Mercado de games cresce no Brasil e mostra mudança na forma de consumo

País já ocupa o 11° lugar entre os maiores mercados do mundo e indústria independente se destaca cada vez mais

A crise de 2008 afetou praticamente todos os países e recentemente, vimos o surgimento da crise econômica brasileira. Nesse tempo, o número de criação de empresas caiu e até gigantes do setor alimentício se viram obrigadas a realizarem fusões para se manterem. Entretanto, indo na contramão, está o mercado de games. Antigamente qualificado como um setor de nicho voltado apenas para crianças, em 2016 o faturamento da área bateu 99 bilhões de dólares em todo o mundo, com rendimento de 1,6 bilhão apenas no Brasil. Mesmo com uma recente retração de 18,3% em relação a 2015 (de acordo com a empresa de monitoramento de vendas GFK), o movimento parece mais uma ação natural do que exatamente um problema.

“Vendas sobem e caem, tudo varia do tipo de jogo que é lançado. Estou no varejo de games há 5 anos e em 5 anos eu vi muitas altas e baixas. É um lazer que mesmo que as pessoas deixem para comprar depois por conta da crise, elas ainda compram ”, explica Lucas Xavier, 27, gerente de vendas da UZ Games no Shopping Metrópole, em São Bernardo do Campo.
Curiosamente, o aumento e a estabilidade do mercado refletem também outro fator interessante: a mudança na forma de consumo. Se até pouco tempo atrás era comum ter em mãos a mídia física, atualmente os jogos online e a mídia digital têm progressivamente tomado o protagonismo.

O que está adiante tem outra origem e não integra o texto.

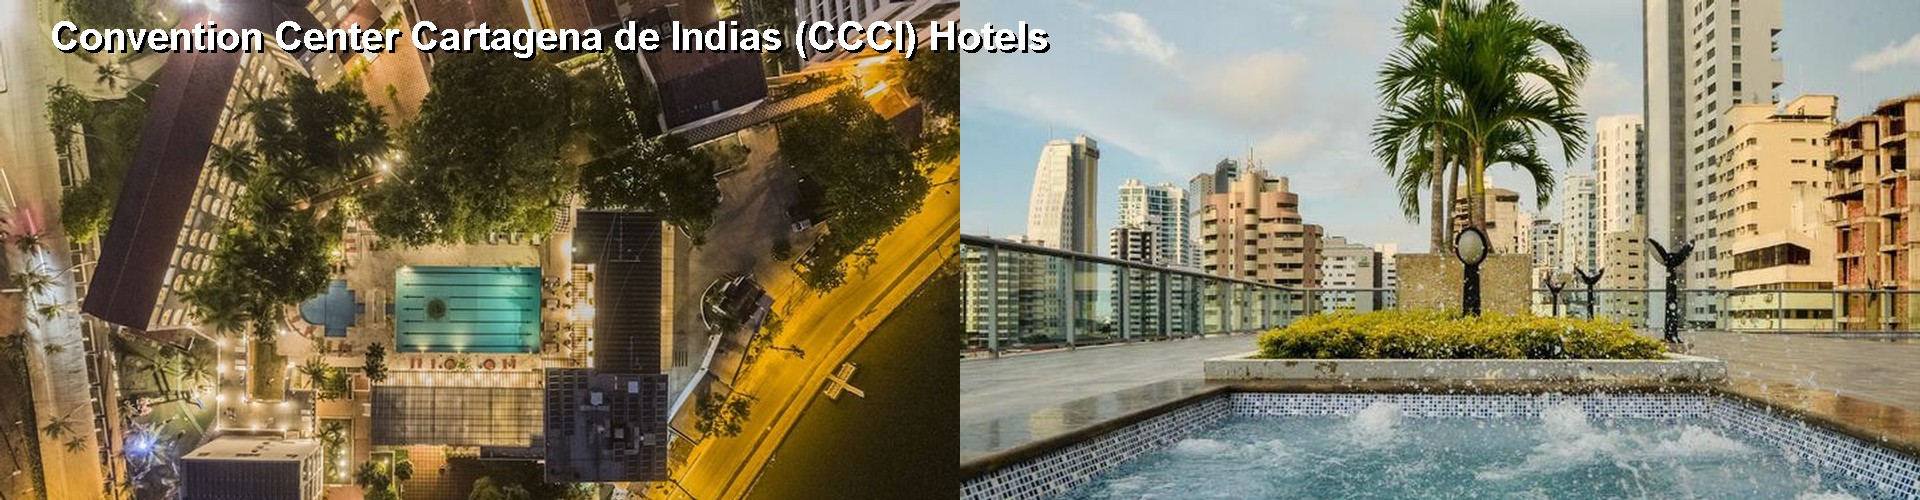 5 Best Hotels near Convention Center Cartagena de Indias (CCCI)

“Entre a mídia física e a digital, prefiro a mídia digital, pois a entrega é instantânea, o jogo sempre está comigo na minha conta e é mais barato”, afirma Silas Lopes, 30, policial militar e consumidor há 10 anos de jogos eletrônicos. A visão de Silas não é única, mas um fator que vem se tornando comum: de acordo com um levantamento da agência PwC, até 2020 as vendas de mídias físicas para PC, PS4 e Xbox One terão uma queda de 18 bilhões de dólares, enquanto o número de jogos comercializados pelos serviços online crescerá 57%.

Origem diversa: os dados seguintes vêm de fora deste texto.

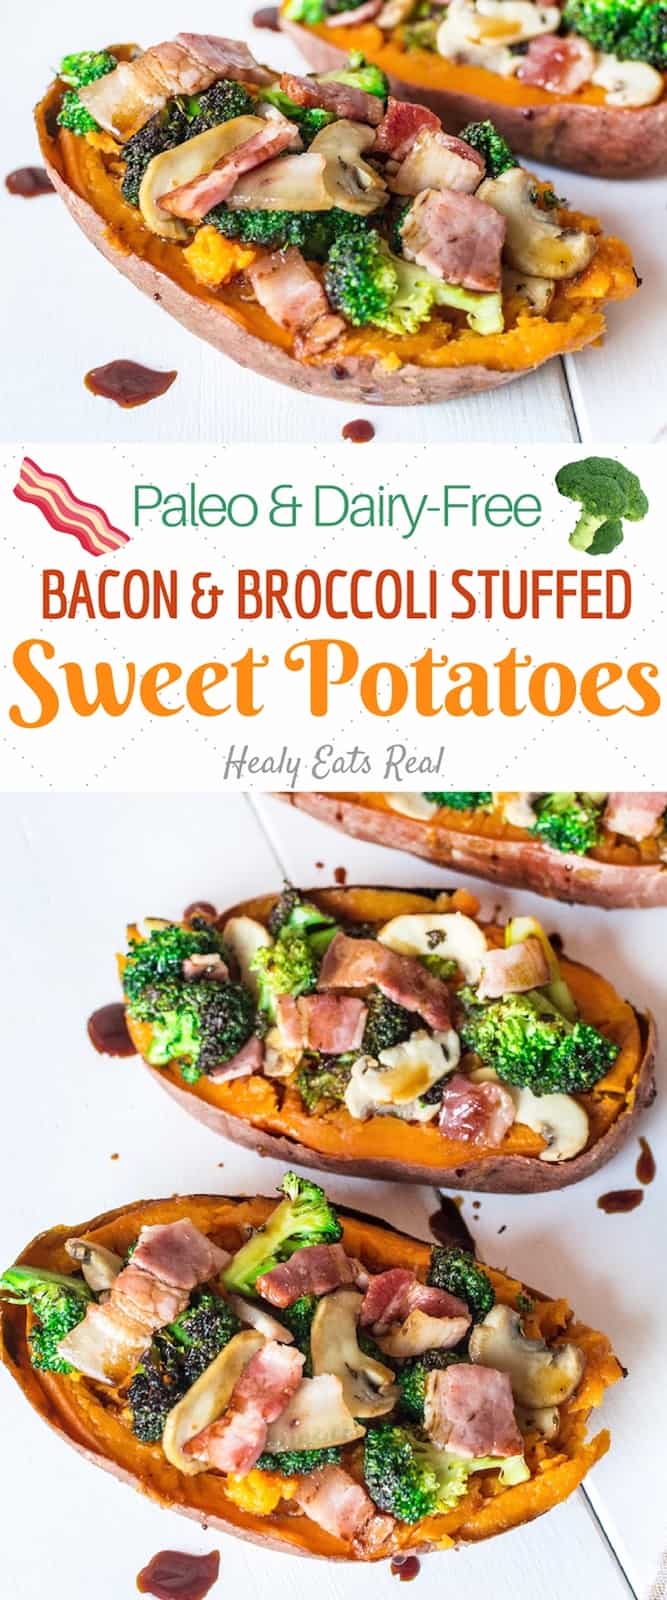 Bacon & Broccoli Stuffed Sweet Potatoes (Paleo & Dairy-Free)

De um lado há potencial para vendas maiores, inclusive para empresas brasileiras, do outro fica cada vez mais difícil manter lojas físicas, o que gera, consequentemente, desemprego. “Ao meu ver, a situação das lojas físicas no Brasil está bem ruim. Os preços são muito além do que deveriam, além de pouca variedade. Até hoje não encontrei uma loja física que vale a pena”, afirma Julio Cesar, 25, estudante e consumidor de games há 7 anos, mas que diferente de Silas gosta de comprar a mídia física. Para ele, o motivo de comprar a mídia física é apenas para coleção, não existindo nenhum fator prático para isso.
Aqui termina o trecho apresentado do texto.